I’ve always suggested that the setting up of my blog was a conspiracy. I entered the kitchen one day and Jason was on my lap top secretively typing away. Let me even go back and say that it was his idea to get me a laptop. (Is lap top one word or two? See, I have no business owning one.) I sin more while using technology (well, that and driving my car and shopping cart in busy lanes ) than any other time. Anyway. Jason set up my blog/website, whatever you want to call it. I hadn’t asked for it. I made C’s on most every college English paper. Still, Jason not only set up my blog, he encouraged me to write. You want to know why I think he did this? Don’t get me wrong, he’s really sweet and he believes in me and all that jazz….
but the truth is, his man ears can’t take all that I have to say.
I have a lot to say; both when things are fine and dandy and when a dark cloud has perched itself right overhead. My therapy, when I’m weary, confused, angry, when I’m feeling hopeless and even when my heart could burst from excitement, is to talk about it. I will say that I’m an excellent secret keeper, but when it comes to my thoughts and my FEELINGS, I want to share, share share.
Much like outside my window today, my mood is cloudy. Today is Jason’s day off. So as he sat beside me in our oversized brown chair earlier, I had the ear I’ve been waiting for all (busy, long, long) week. I hadn’t gotten very far when he said, “You know, it’s been a while since you’ve written anything. You should write.” So here I am, obedient wife that I am.
Jason’s not the only one whose ear I’ve near talked off lately. I have good friends, females no doubt, who God shared with me to endure all the words.
Still, there are things, deep things that are better poured out somewhere rather than on human ears. I’ve been doing a lot of praying. Much of my praying must seem like Hannah in 1 Samuel who prayed so embittered and broken that she was mistaken to be drunk. Some of my prayers are desperate, and they’re never thought out. I’m so glad it can be that way with God, unlike texts that I send where I find myself typing….deleting…..typing…..finger-tapping on my forehead, thinking, deleting……….typing……sending……then wish I could go back and delete.

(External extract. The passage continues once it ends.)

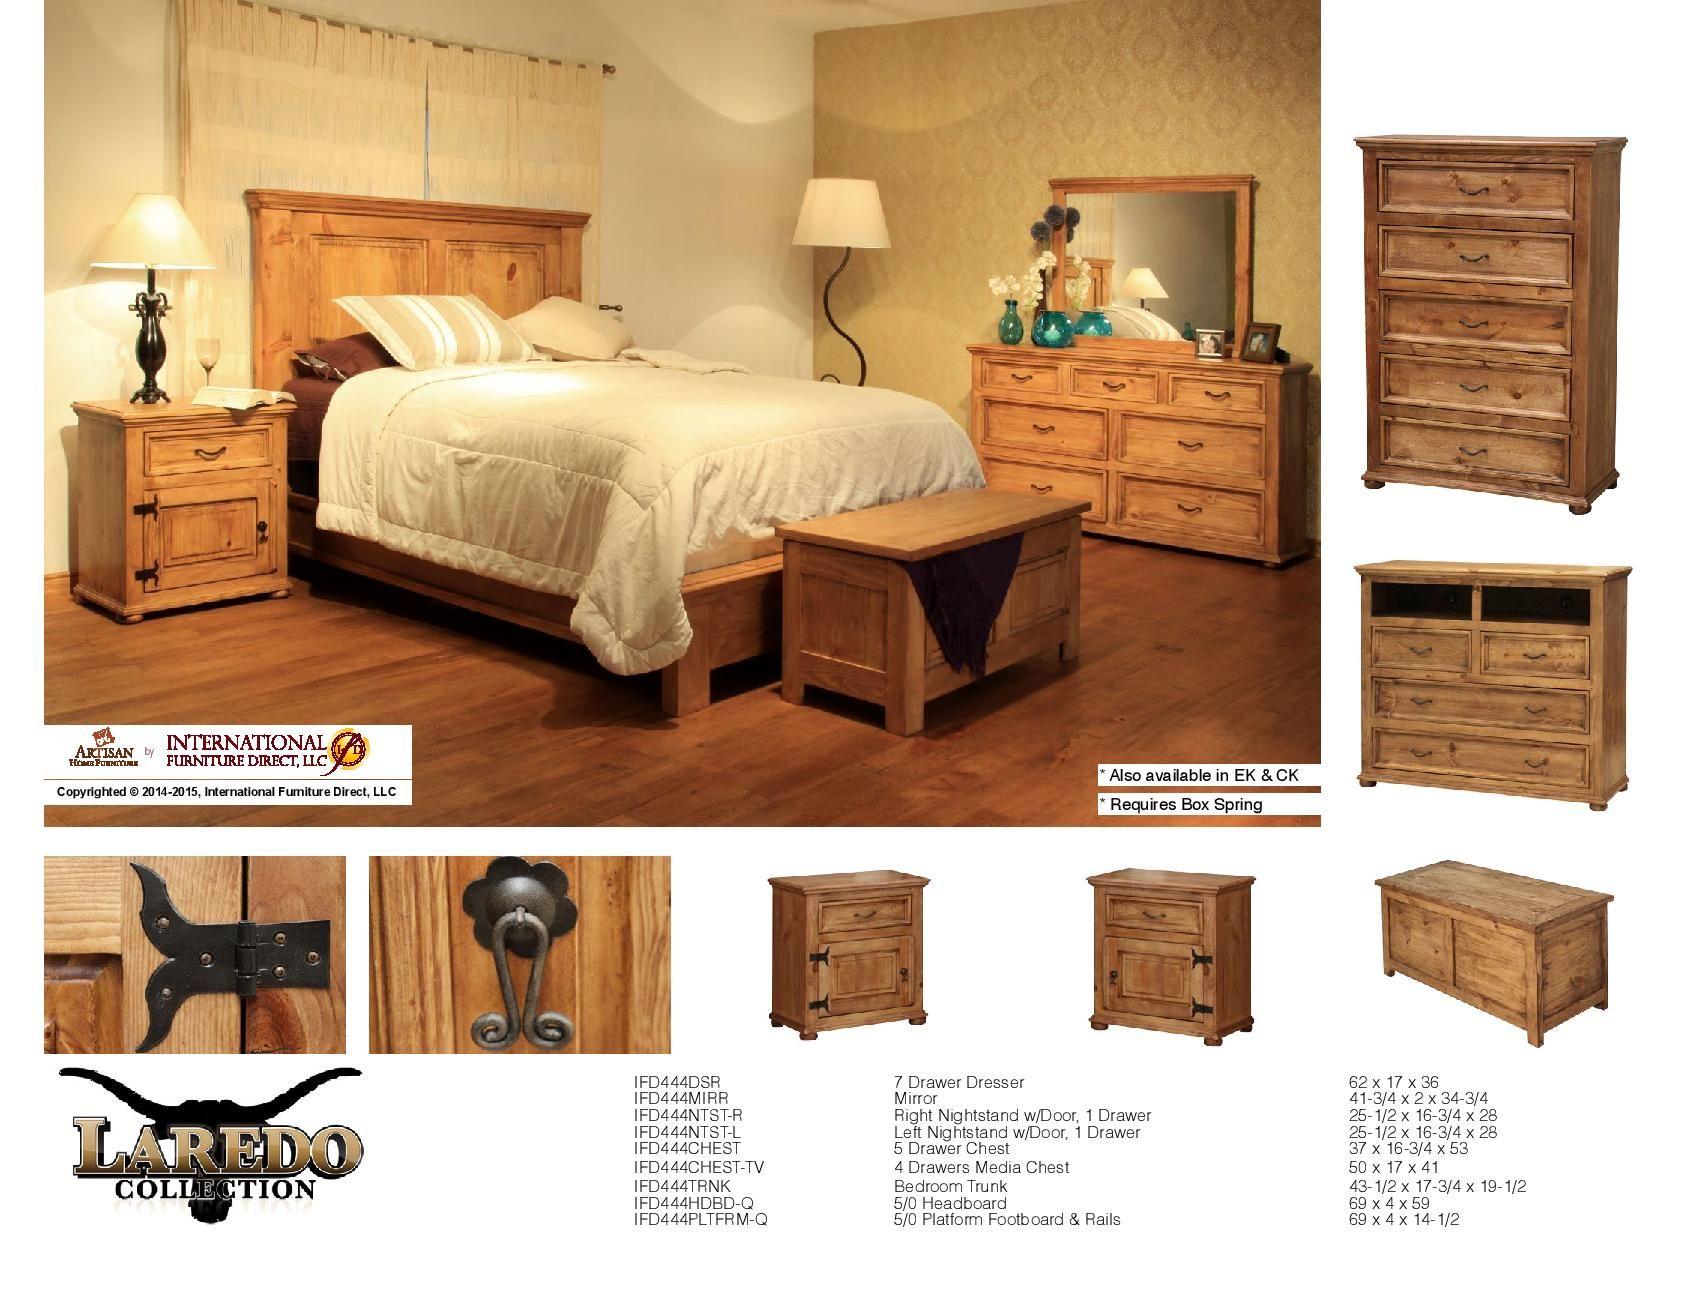 International Furniture Direct Bedroom Furniture

With God, my words and murmurs-good, bad, unintelligible, and even my rare silence is heard and understood.
….the Spirit helps us in our weakness. We do not know how to pray as we ought, but that very Spirit intercedes with sighs too deep for words. Romans 8:26
There are, according to several different sources, 783,137 words in the Bible. Every one of them are spoken to me and to you. They’re spoken personally. The words are a beautiful story, they’re mystery, and a carefully crafted love letter to each of us. But in addition to all of those words, sometimes God whispers just a word or two, stilling our soul.
This morning those words were “Better things”.
As I was getting ready I did what I do every day. I was drying my hair with my right hand, clicking on a news article with my left finger, ready to read another piece that would add to the brokenness I have felt in my heart as of late. I heard, what was like one of those Spirit sighs, say softly “Better things”. Set your mind on better things. A verse came to me. It’s a verse I’ve used in a dozen posts making you think it might be one of the only ones I know, a verse I’ve read over and over; a verse that is working in me so diligently to guide my life.
…..whatever is true
….…whatever is noble
………whatever is right
…………whatever is pure
…………….whatever is lovely
………………..whatever is admirable
If anything is excellent or praiseworthy—think about such things. Philippians 4:8
Think about “Better Things”
I know that while we think about better things, we are merely distracting ourselves from pain and sorrow and the things we just don’t understand, but this brokenness and feeling of incompleteness won’t always be.
Better things are to come.
There will come a day with no more tears, no more pain, and no more fears
There will be a day when the burdens of this place
Will be no more, we’ll see Jesus face to face (Jeremy Camp-There Will be a Day)
He will wipe away every tear from their eyes. There will be no more death or mourning or crying, for the old order of things has passed away. Revelation 21:4
For the record, my man who conspired against me, is good. He’s very, very good.
And my friends who get phone neck cricks and answer my epically long texts? Well, they’re good too.